** DATASET EXTRACT follows **
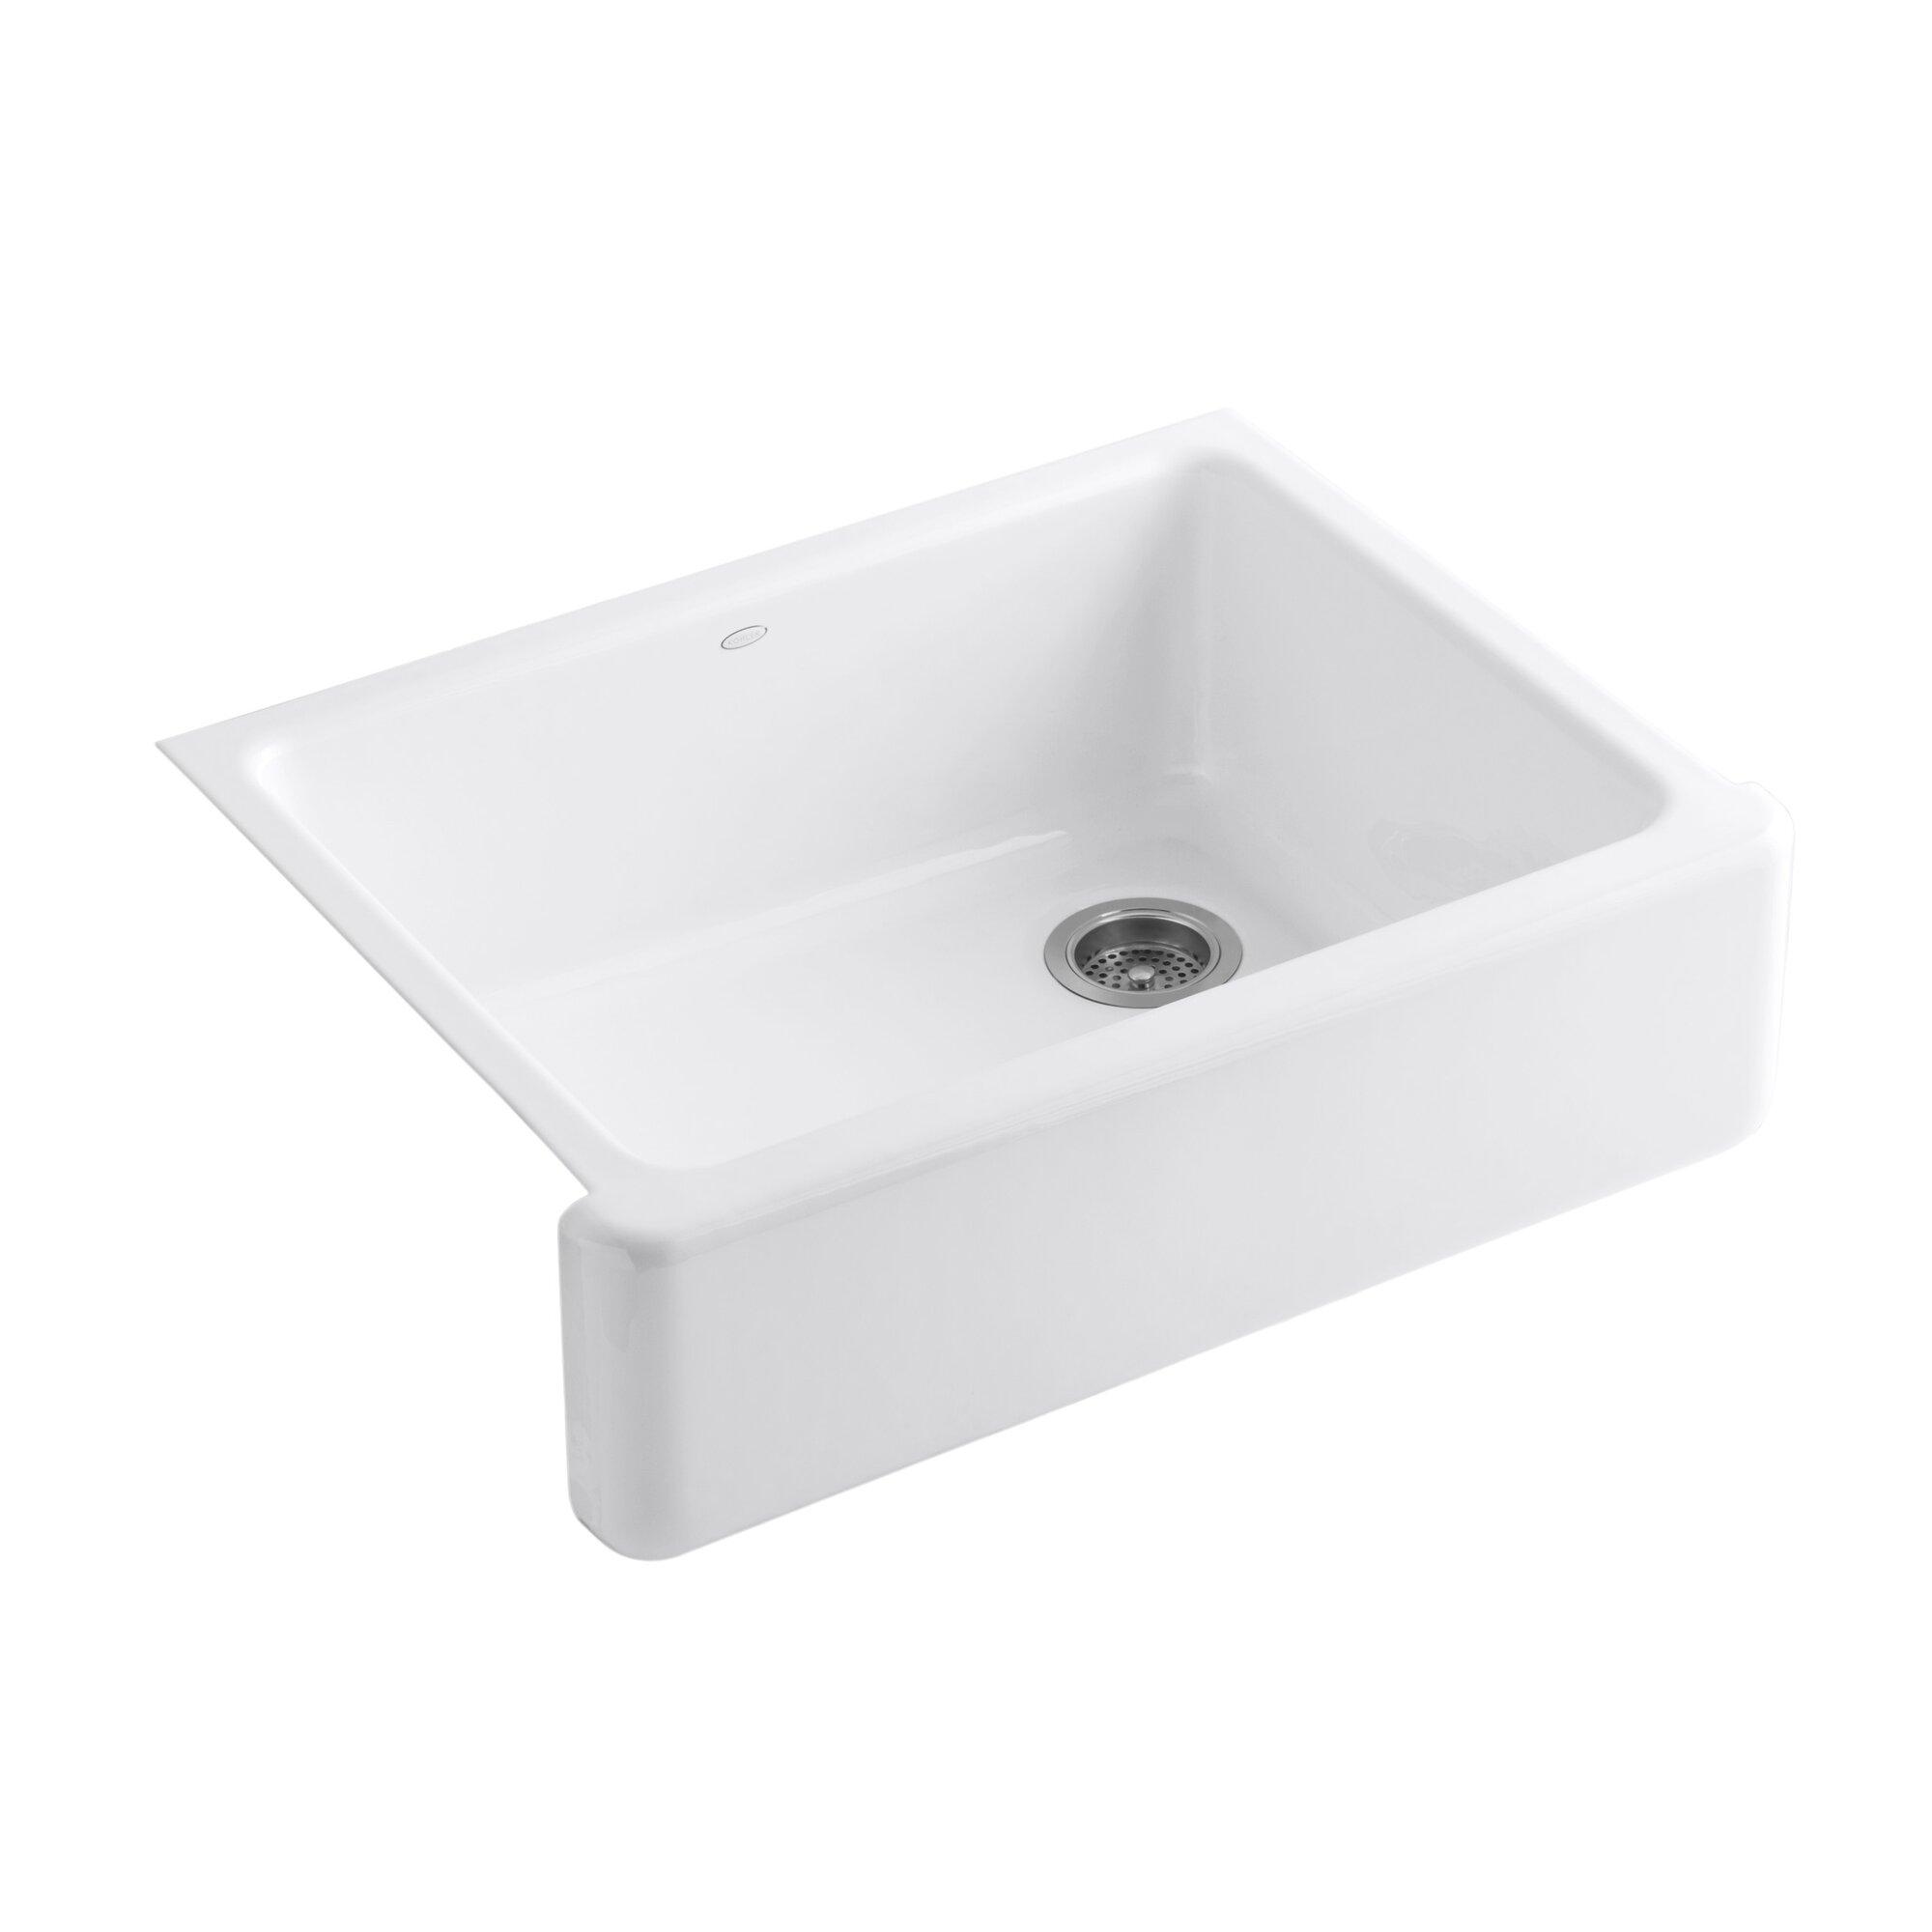 "Kohler Whitehaven 29 69"" x 21 69"" Farmhouse Single Bowl Kitchen Sink & Reviews"
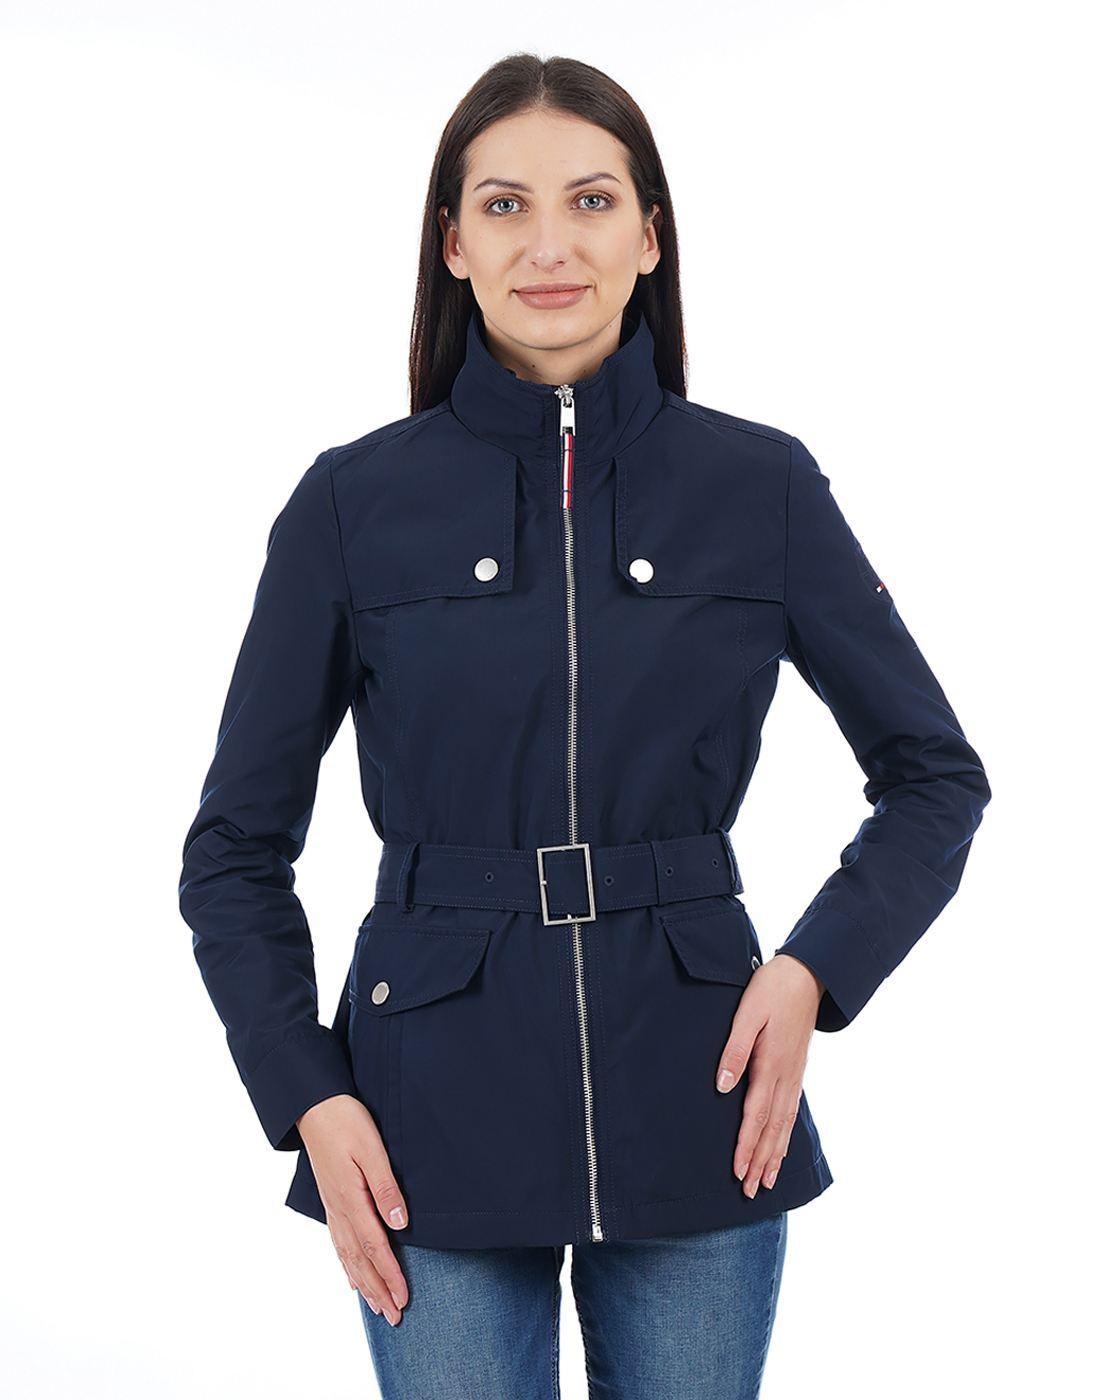 Tommy Hilfiger Women Navy Jacket
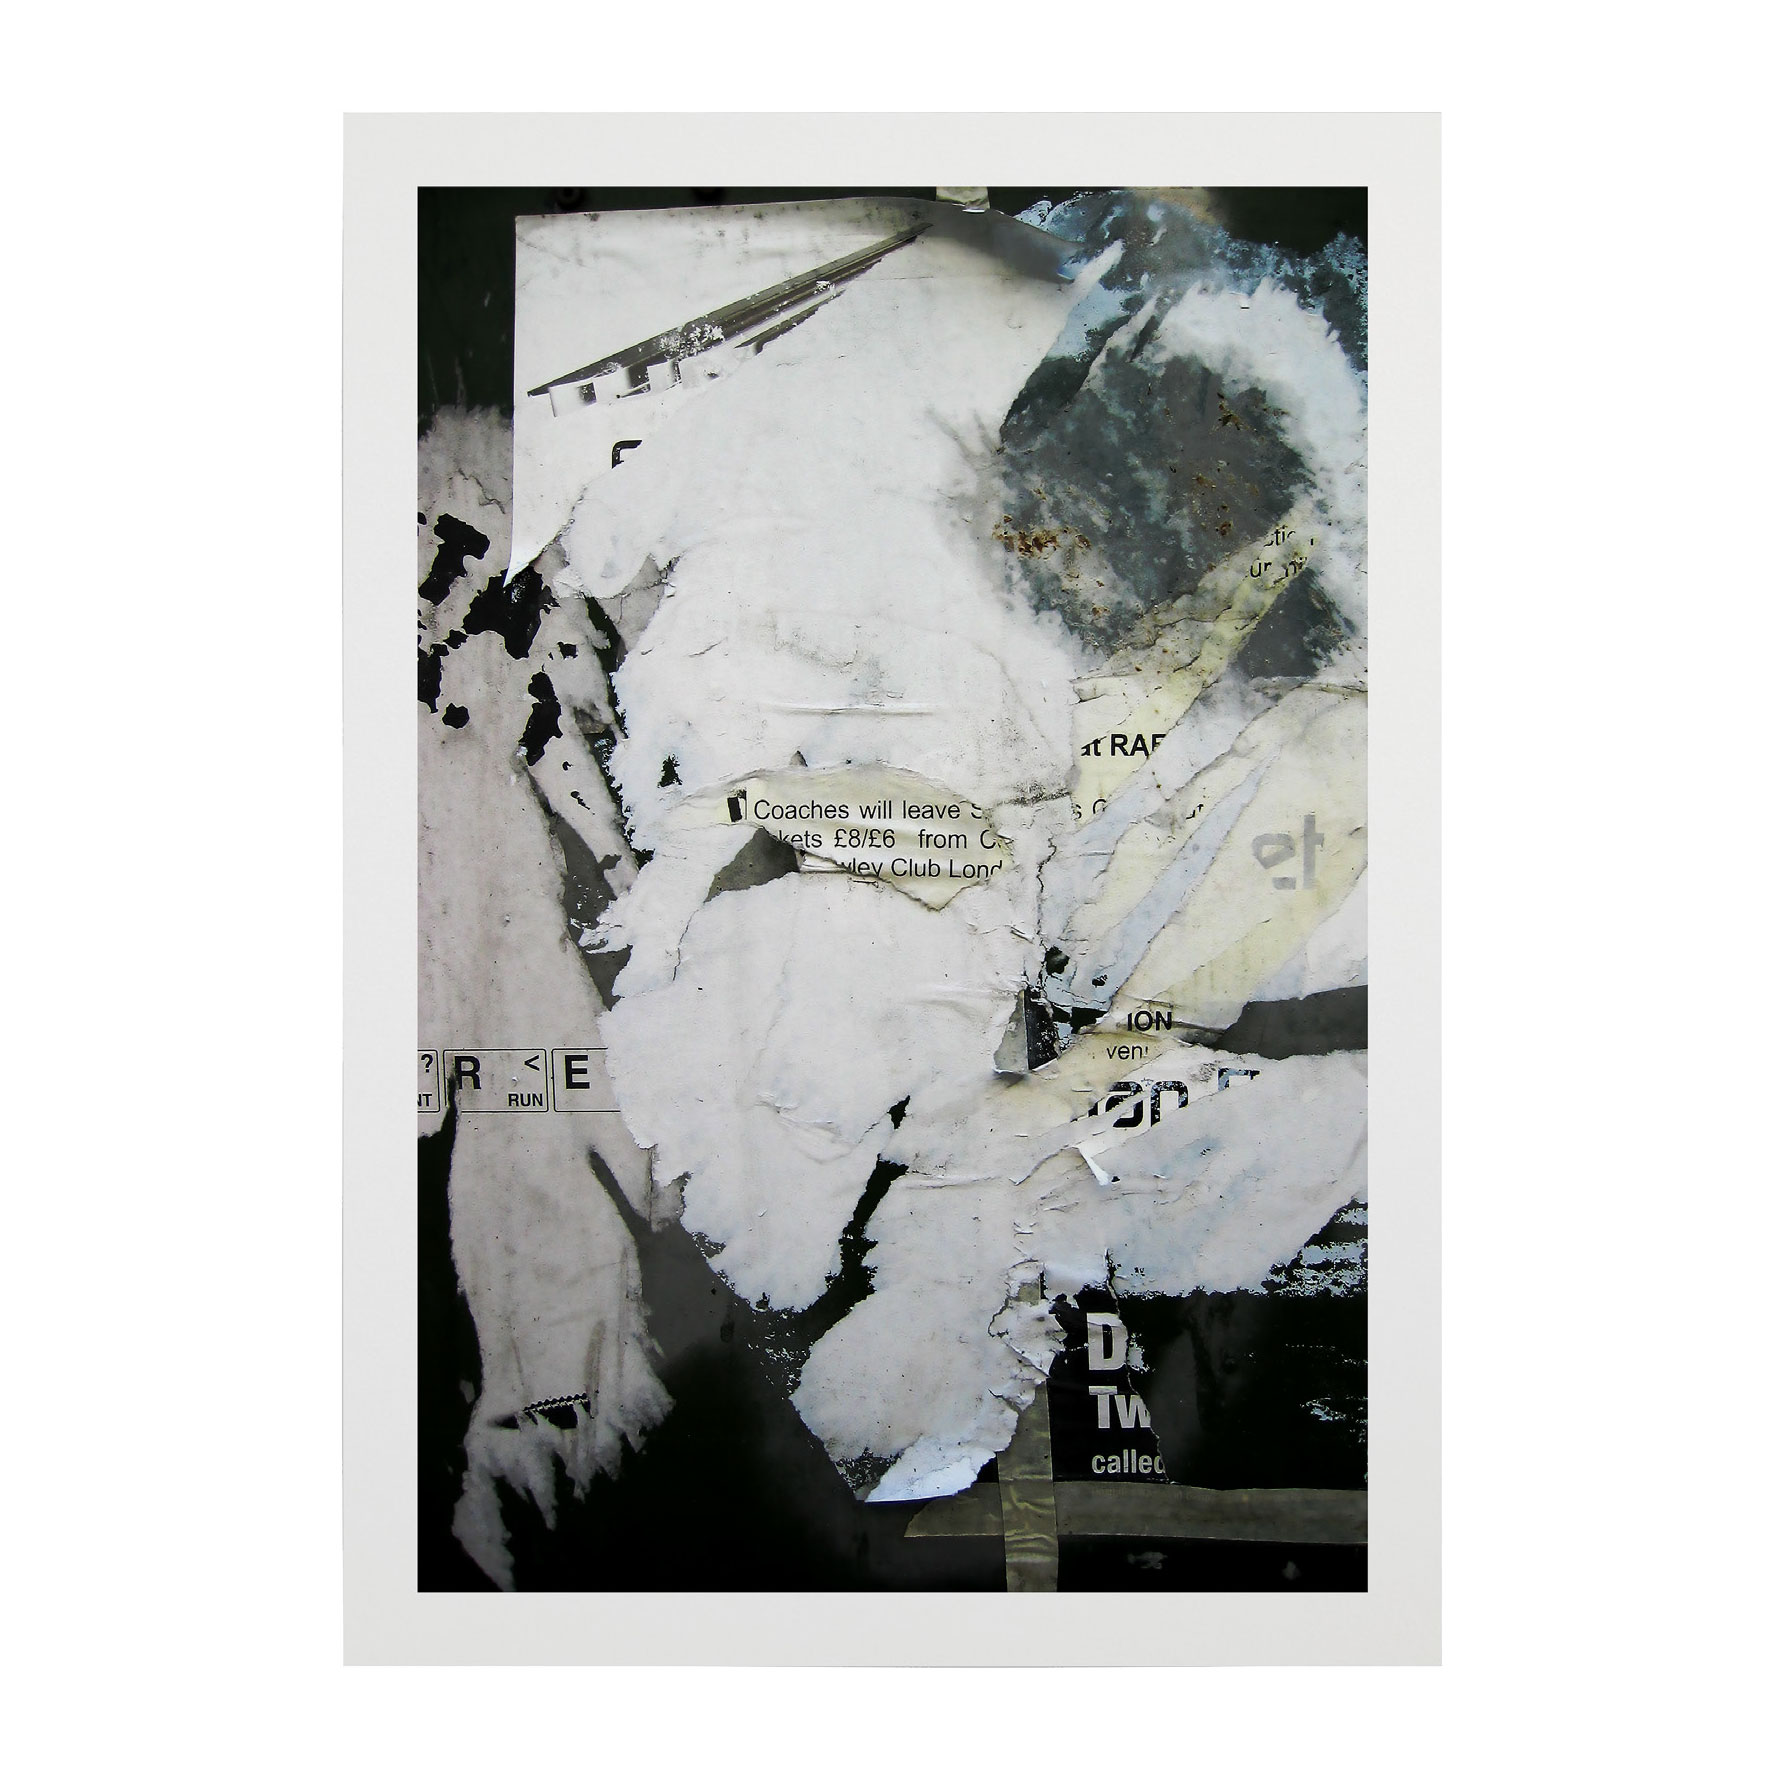 ARCHIVE-WEB-PICS-51
** End of DATASET EXTRACT **
Beginning with the line that contains "Tommy Hilfiger Women Navy Jacket" and ending with the last line of the data, transcribe each line exactly; pictures stay out.

 Tommy Hilfiger Women Navy Jacket
 ARCHIVE-WEB-PICS-51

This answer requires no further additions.